## REQUIRED WORK
Where a line holds the word "Waste", copy that line from the data below.
=== SUPPLIED DATA ===
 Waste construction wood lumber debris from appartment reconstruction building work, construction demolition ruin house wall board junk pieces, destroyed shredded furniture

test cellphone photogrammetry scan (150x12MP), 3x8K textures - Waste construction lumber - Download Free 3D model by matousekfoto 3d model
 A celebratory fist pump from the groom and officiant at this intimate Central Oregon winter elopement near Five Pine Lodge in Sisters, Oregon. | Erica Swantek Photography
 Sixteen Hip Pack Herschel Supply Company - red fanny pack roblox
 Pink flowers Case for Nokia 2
===
## FINAL ANSWER
 Waste construction wood lumber debris from appartment reconstruction building work, construction demolition ruin house wall board junk pieces, destroyed shredded furniture
test cellphone photogrammetry scan (150x12MP), 3x8K textures - Waste construction lumber - Download Free 3D model by matousekfoto 3d model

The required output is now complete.